### GIVEN DATA ###

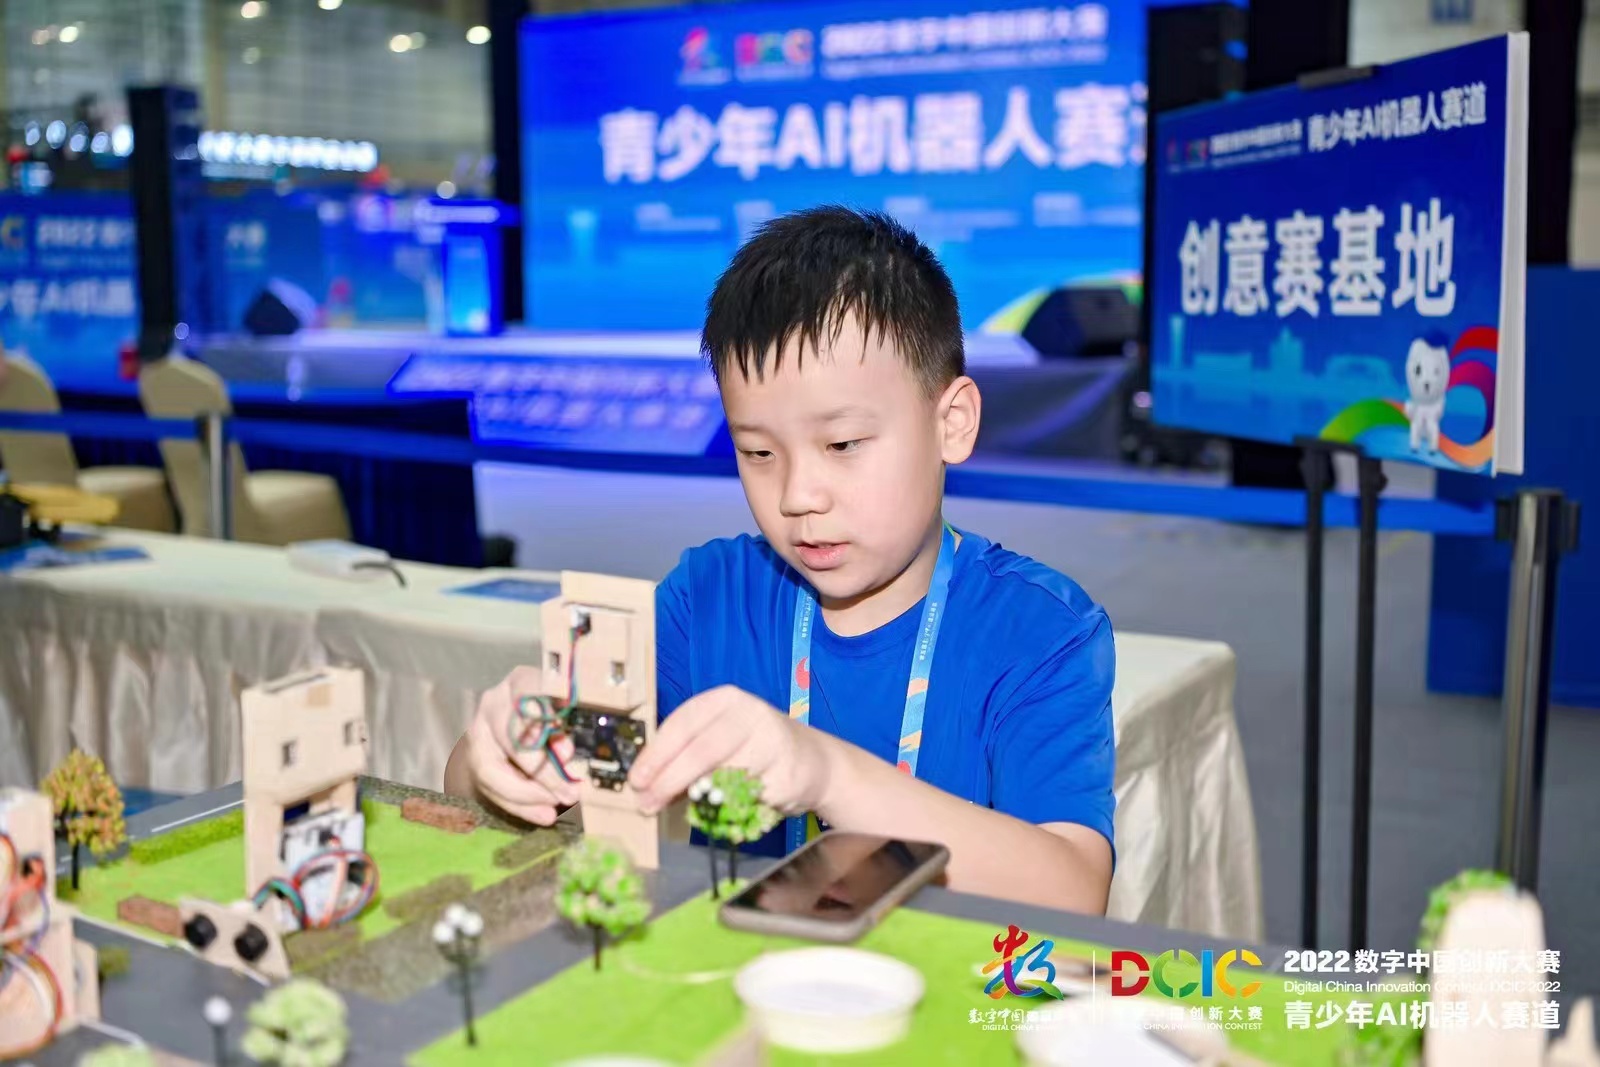 马尾小学生获数字中国创新大赛冠军
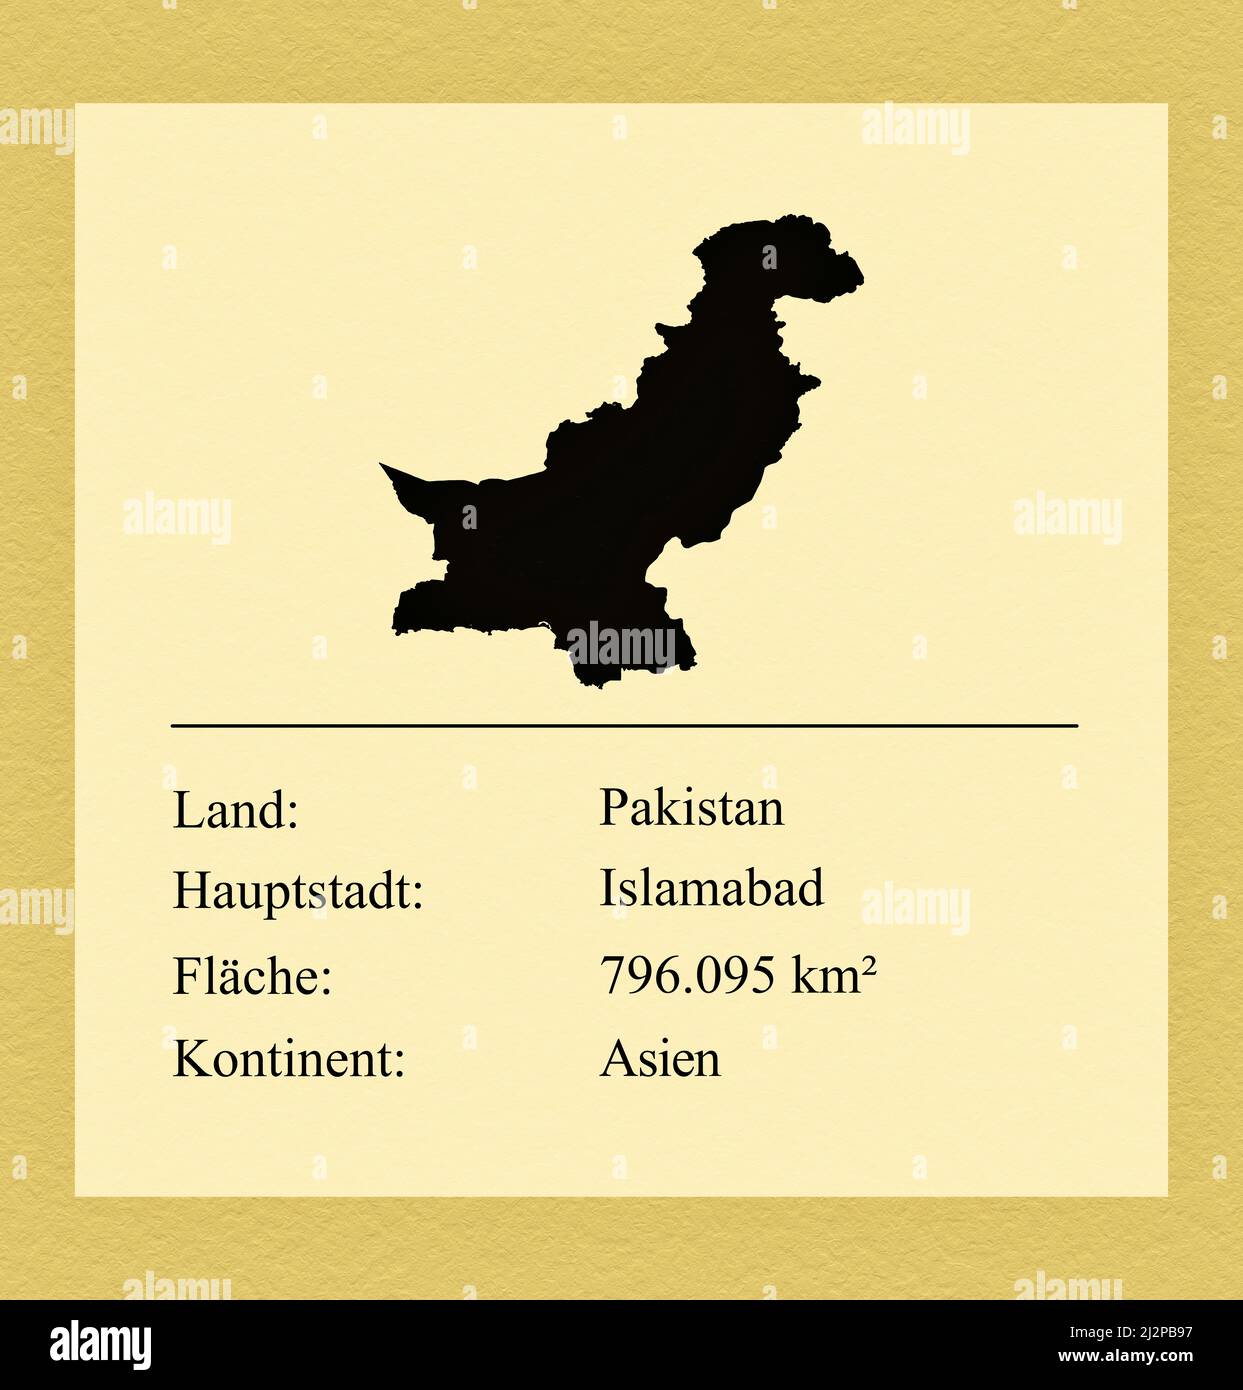 Umrisse des Landes Pakistan, darunter ein kleiner Steckbrief mit Ländernamen, Hauptstadt, Fläche und Kontinent Foto Stock
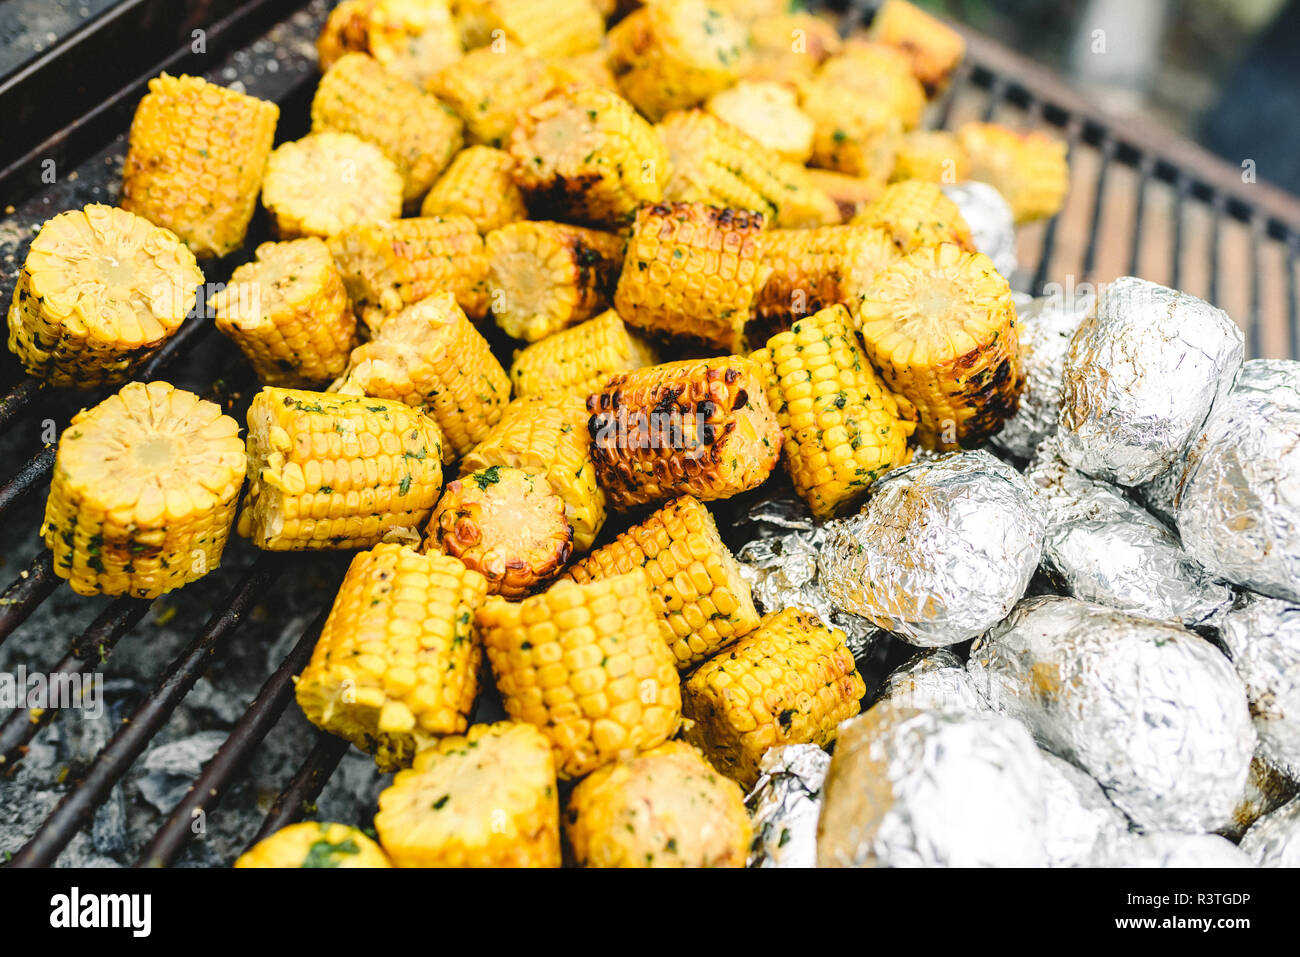 Maiskolben und Kartoffeln in Alufolie auf den Grill Stockfotografie - Alamy
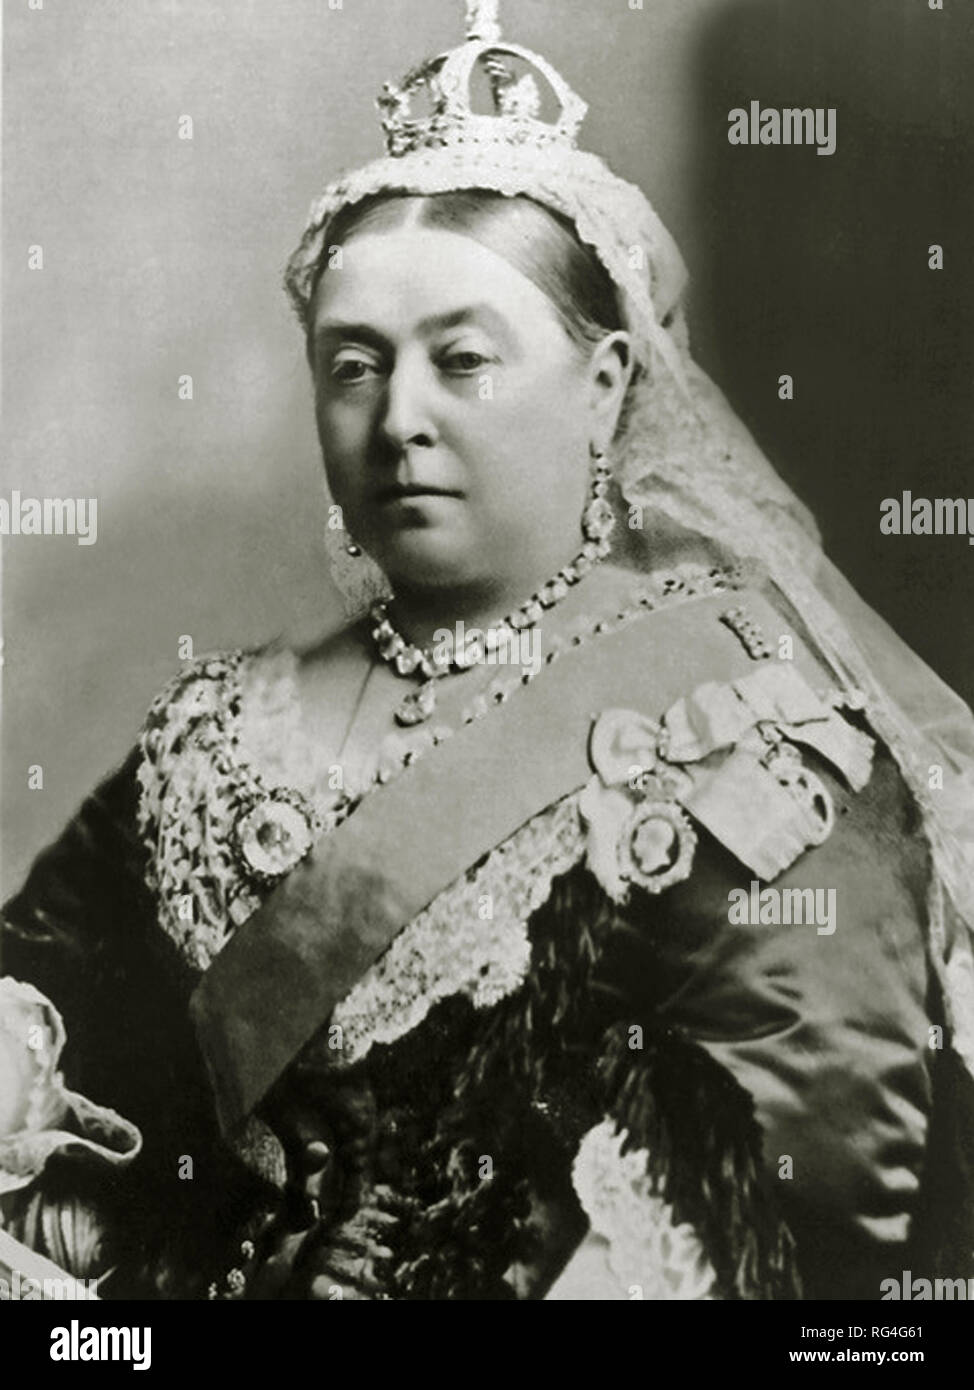 Victoria war Königin des Vereinigten Königreichs von Großbritannien und Irland vom 20. Juni 1837 bis zu ihrem Tod im Jahre 1901. Am 1. Mai 1876, nahm sie die zusätzlichen Titel der Kaiserin von Indien. Von Bildmaterial in den Archiven der Presse Portrait Service gescannt - (ehemals Presse Portrait Bureau). Stockfoto
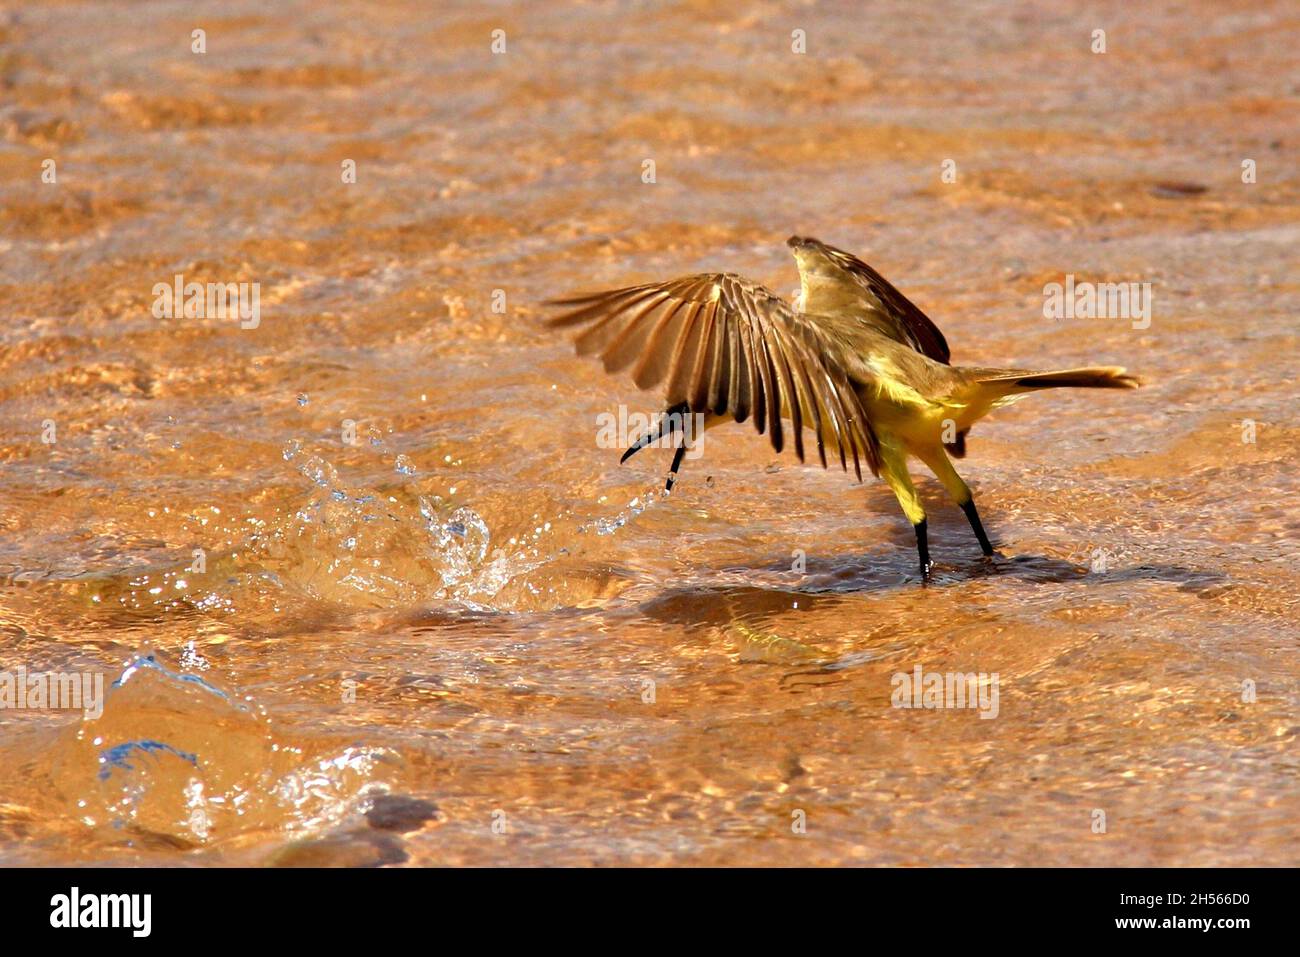 Bel oiseau doré au bord d'un lac, photo prise quand l'oiseau prend un poisson à Bonito, Mato Grosso do Sul, Brésil. Banque D'Images

###

• [WHAT IS REQUIRED]: In the copy, include every entry above exactly and leave out each picture.

• [OUTPUT BELOW]:
 马尾小学生获数字中国创新大赛冠军
 Umrisse des Landes Pakistan, darunter ein kleiner Steckbrief mit Ländernamen, Hauptstadt, Fläche und Kontinent Foto Stock
 Maiskolben und Kartoffeln in Alufolie auf den Grill Stockfotografie - Alamy
 Victoria war Königin des Vereinigten Königreichs von Großbritannien und Irland vom 20. Juni 1837 bis zu ihrem Tod im Jahre 1901. Am 1. Mai 1876, nahm sie die zusätzlichen Titel der Kaiserin von Indien. Von Bildmaterial in den Archiven der Presse Portrait Service gescannt - (ehemals Presse Portrait Bureau). Stockfoto
 Bel oiseau doré au bord d'un lac, photo prise quand l'oiseau prend un poisson à Bonito, Mato Grosso do Sul, Brésil. Banque D'Images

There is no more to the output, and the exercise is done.